Are there any insights that lead to negative growth? Justify with specific reason.

5. You have to create at least 20 logical & meaningful charts having important insights.


[ Hints : - Do the Vizualization in  a structured way while following "UBM" Rule.

U - Univariate Analysis,

B - Bivariate Analysis (Numerical - Categorical, Numerical - Numerical, Categorical - Categorical)

M - Multivariate Analysis
 ]





# ***Let's Begin !***

## ***1. Know Your Data***

### Import Libraries

In [None]:
# Import Libraries
import pandas as pd
import numpy as np
from matplotlib import pyplot as plt
import math
import seaborn as sns
import openpyxl
pd.set_option('display.max_columns', 200)

### Dataset Loading

In [None]:
# Load Dataset
# df_airbnb = pd.DataFrame(pd.read_csv("Airbnb NYC 2019.csv"))
# Load the dataset
from google.colab import drive
drive.mount('/content/drive')
file_path = '/content/drive/My Drive/AlmaBetter Project/M2-Project/Airbnb NYC 2019.csv'

df_airbnb = pd.read_csv(file_path)

### Dataset First View

In [None]:
# Dataset First Look
df_airbnb.head(5)

Above is an initial glimpse of the dataset we will be working with. Let us now delve deeper into the data to explore its structure and uncover meaningful insights.



In [None]:
#check for all the columns we have in our dataset.
df_airbnb.columns

Here is a comprehensive overview of all the columns present in our dataset.
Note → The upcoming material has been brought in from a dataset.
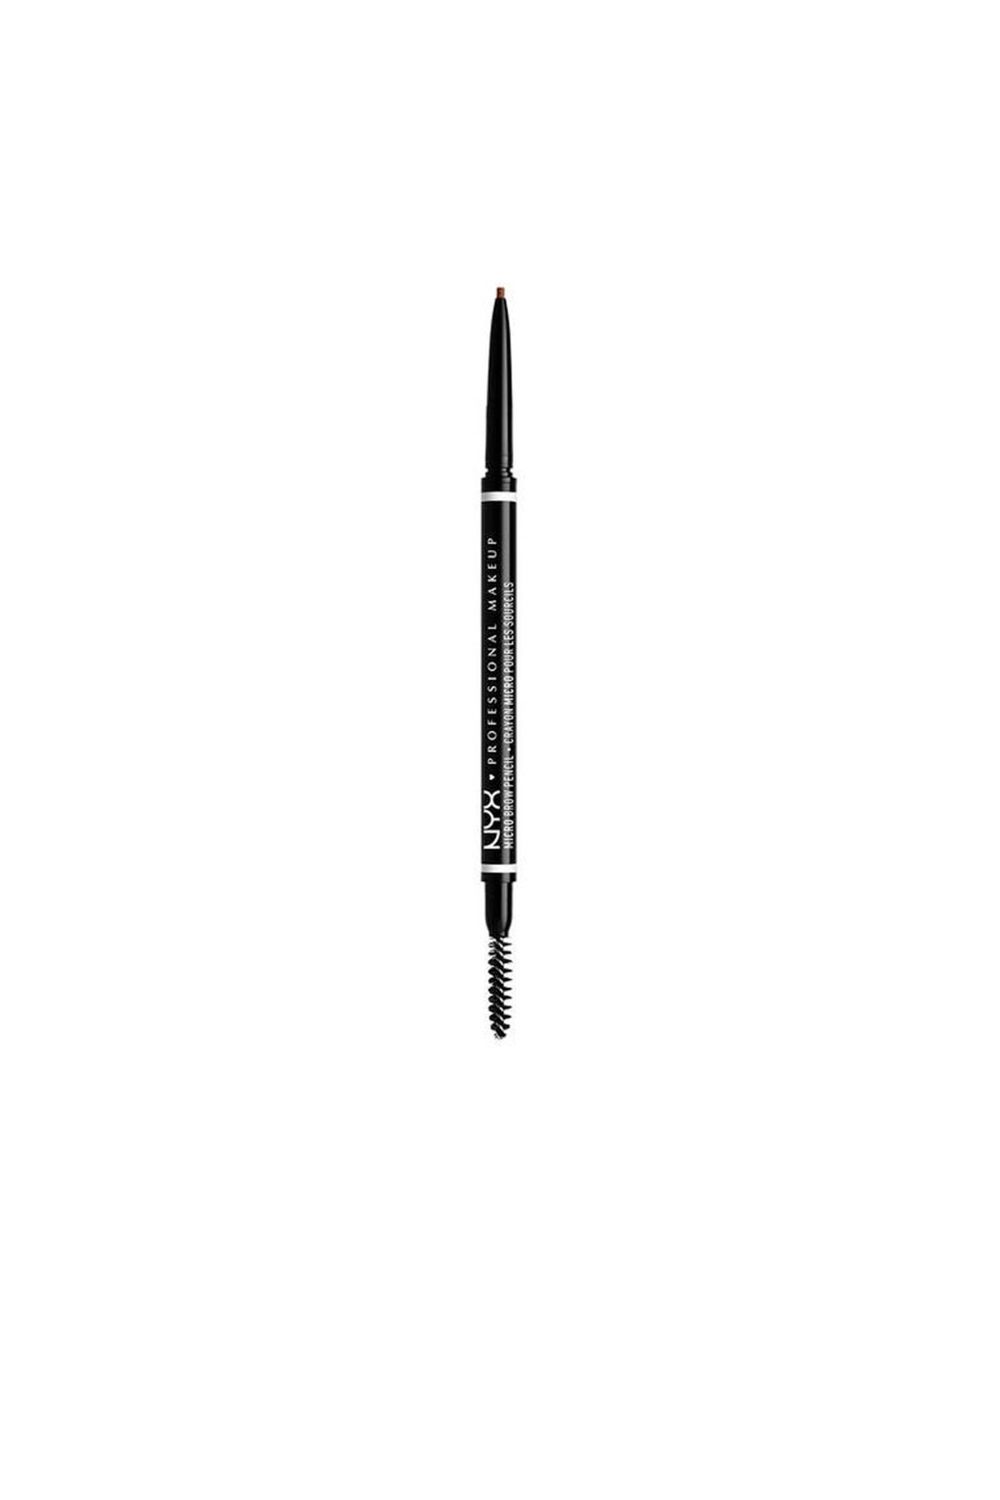 NYX Professional Makeup Micro - Trendyol #brunette Brow Pencil g 0,5

### Dataset Rows & Columns count

In [None]:
# Dataset Rows & Columns count
df_airbnb.shape

Examining the shape of the dataset reveals a substantial number of rows compared to columns, indicating a robust dataset. Specifically, it comprises:

Rows: 48,895
Columns: 16

### Dataset Information

In [None]:
# Dataset Info
df_airbnb.info()


The dataset demonstrates a clear division between numerical and categorical variables, summarized as follows:
* **Numerical Data:**
  *   3 colums with float64 data type
  *   7 columns with int64 data type
* **Categorical Data:**
  * 6 columns with object data type.



#### Duplicate Values

In [None]:
# Dataset Duplicate Value Count
df_airbnb.duplicated().sum()

From this analysis, we observe that there are no exact duplicate values present in the dataset.

In [None]:
# Converting the 'last_review' column in a datetime format.
df_airbnb['last_review'] = pd.to_datetime(df_airbnb['last_review'],errors='coerce')
df_airbnb.info()

In [None]:
# Now let us sort the data by the last_review column
df_airbnb = df_airbnb.sort_values(by='last_review', ascending=False).reset_index(drop=True)
df_airbnb

As we can see there are few NA values in our dataframe in the date column let's fill these values with the latest dates we are having in our dataframe.

In [None]:
# Replacing NA Values
df_airbnb['last_review'].replace(np.nan,df_airbnb['last_review'].max(), inplace=True)

# Let's sort the values again
df_airbnb = df_airbnb.sort_values(by='last_review', ascending=False).reset_index(drop=True)
df_airbnb

In [None]:
# Dropping duplicated values
df_airbnb = df_airbnb.drop_duplicates(subset=['name', 'host_name', 'neighbourhood_group', 'neighbourhood', 'room_type'], keep='first').reset_index(drop=True)

df_airbnb.shape # (48662, 16)

# Let's check if there are any duplicated values now
df_airbnb[df_airbnb.duplicated(subset=['name', 'host_name', 'neighbourhood_group', 'neighbourhood', 'room_type'])] # No values
df_airbnb.duplicated().sum() # 0 duplicate

We have successfully dropped the duplicated values and now we only have latest data values.

In [None]:
# Missing Values/Null Values Count
null_values_count = df_airbnb.isnull().sum()

# Visualizing the missing values
null_values_count


As we can see we were having missing values in name, host_name,and reviews_per_month columns

In [None]:
# To check the outliers we need to check the columns which are having numerical data.
df_airbnb.describe()

### What did you know about your dataset?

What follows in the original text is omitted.